I begin by writing it in the more conventional form in which the derivative $u'(x)$ is isolated:

$u'(x) = 1 - u(x). \tag{3}$

Setting

$f(u) = 1 - u, \tag{4}$

we see that $f(u)$ is globally Lipschitz continuous with Lipschitz constant $K = 1$, since we have, for any $u_1, u_2 \in \Bbb R$,

$\vert f(u_1) - f(u_2) \vert = \vert (1 - u_1) - (1 - u_2) \vert = \vert u_2 - u_1 \vert; \tag{5}$

(5) in turn implies that (3) has a unique solulution for any initial condition $u_0 = u(x_0)$; furthermore any such solution extends to all $x \in \Bbb R$; these conclusions are simple consequences of the basic general theory of ODEs.

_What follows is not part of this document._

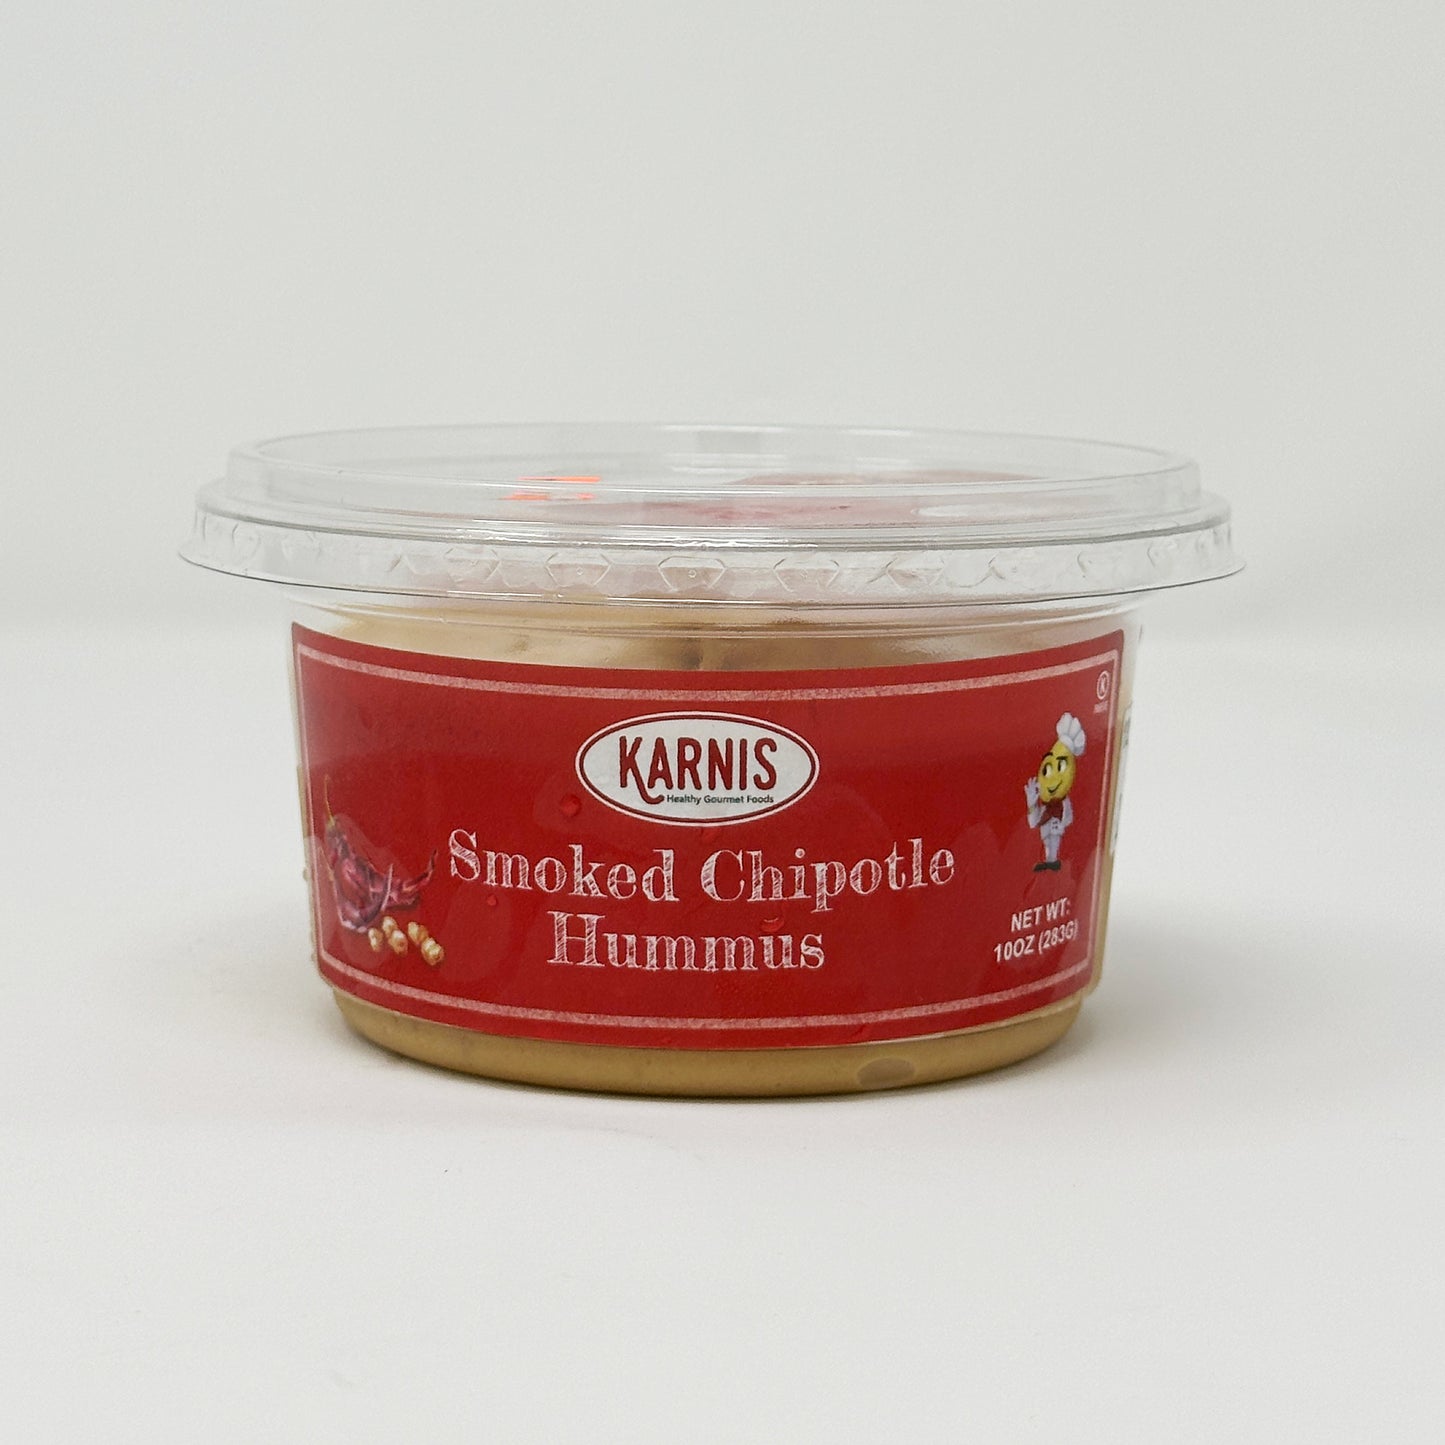 Karnis Smoked Chipotle Hummus 10 oz
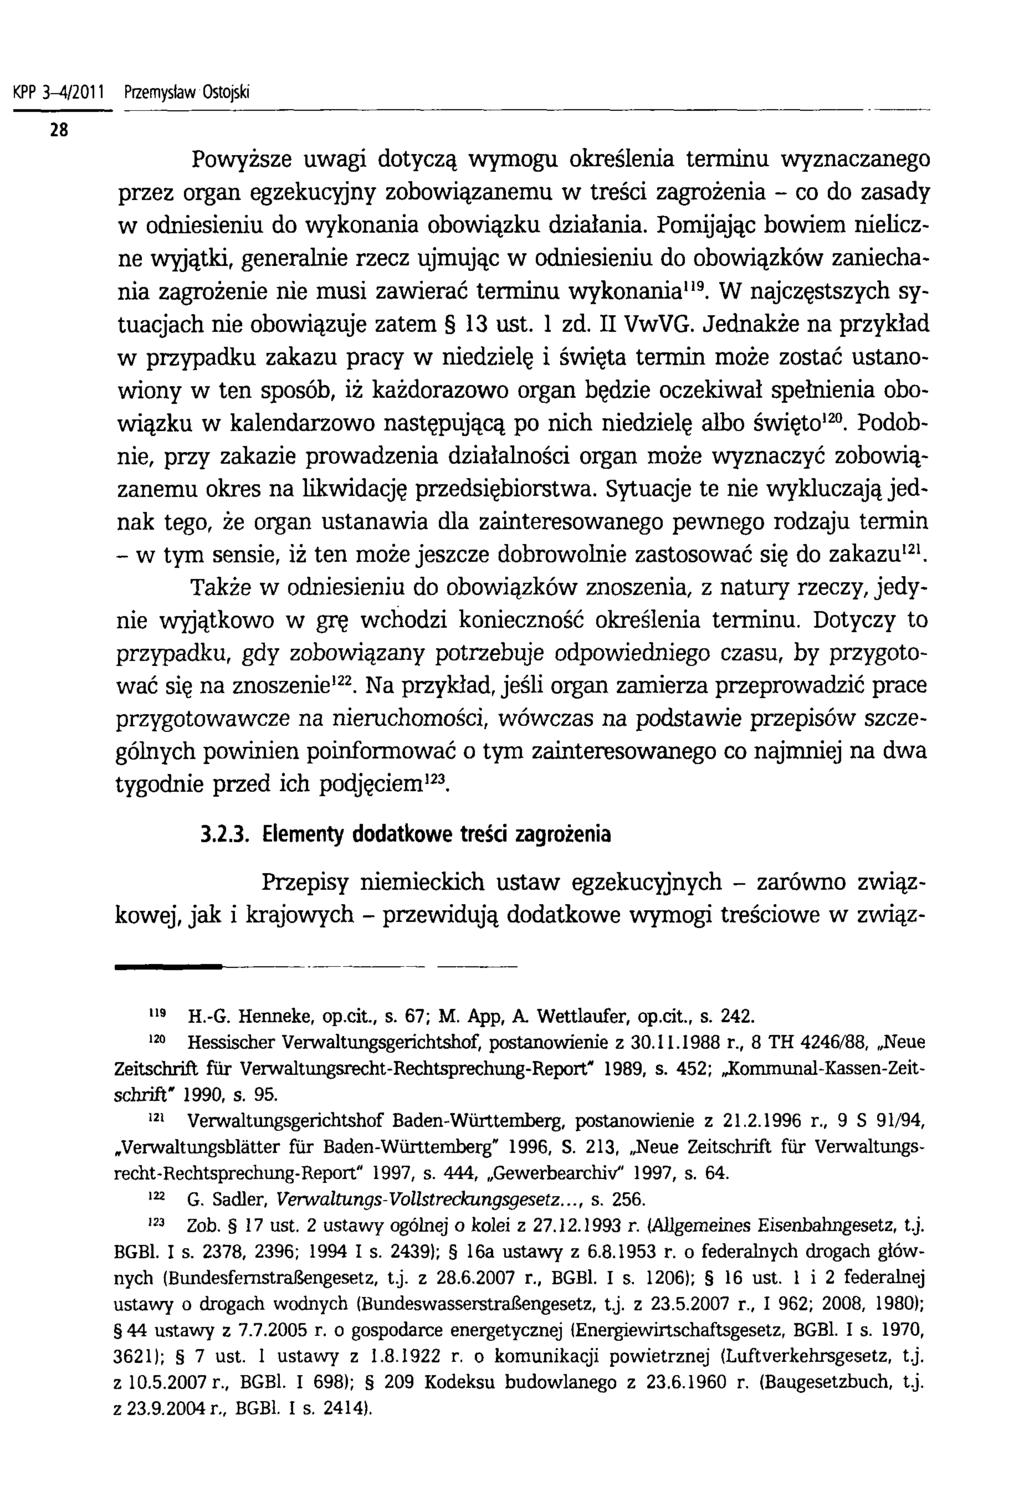 KPP 3-4/2011 Przemysław Ostojski Powyższe uwagi dotyczą wymogu określenia terminu wyznaczanego przez organ egzekucyjny zobowiązanemu w treści zagrożenia - co do zasady w odniesieniu do wykonania

We next observe that, since solutions $u(x)$ of (1), (3) are continuously differentiable, $u'(x)$ is a continuous function of $x$, whence we may conclude from $u'(0) = 1 - u(0) = 1$ (see (2)) that for $\delta \in (0, 1)$ there exists $\epsilon > 0$ such that

$0 < 1 - \delta < u'(x) < 1 + \delta \tag{6}$

provided

$-\epsilon < x < \epsilon; \tag{7}$

thus for $x \in [0, \epsilon)$ we may write, using $u(0) = 0$,

$u(x) = u(x) - u(0) = \int_0^x u'(s) ds < \int_0^x (1 + \delta)ds = (1 + \delta) x < (1 + \delta)\epsilon < 1; \tag{8}$

if we take $\epsilon$ sufficiently small, i.e., $\epsilon < (1 + \delta)^{-1}$.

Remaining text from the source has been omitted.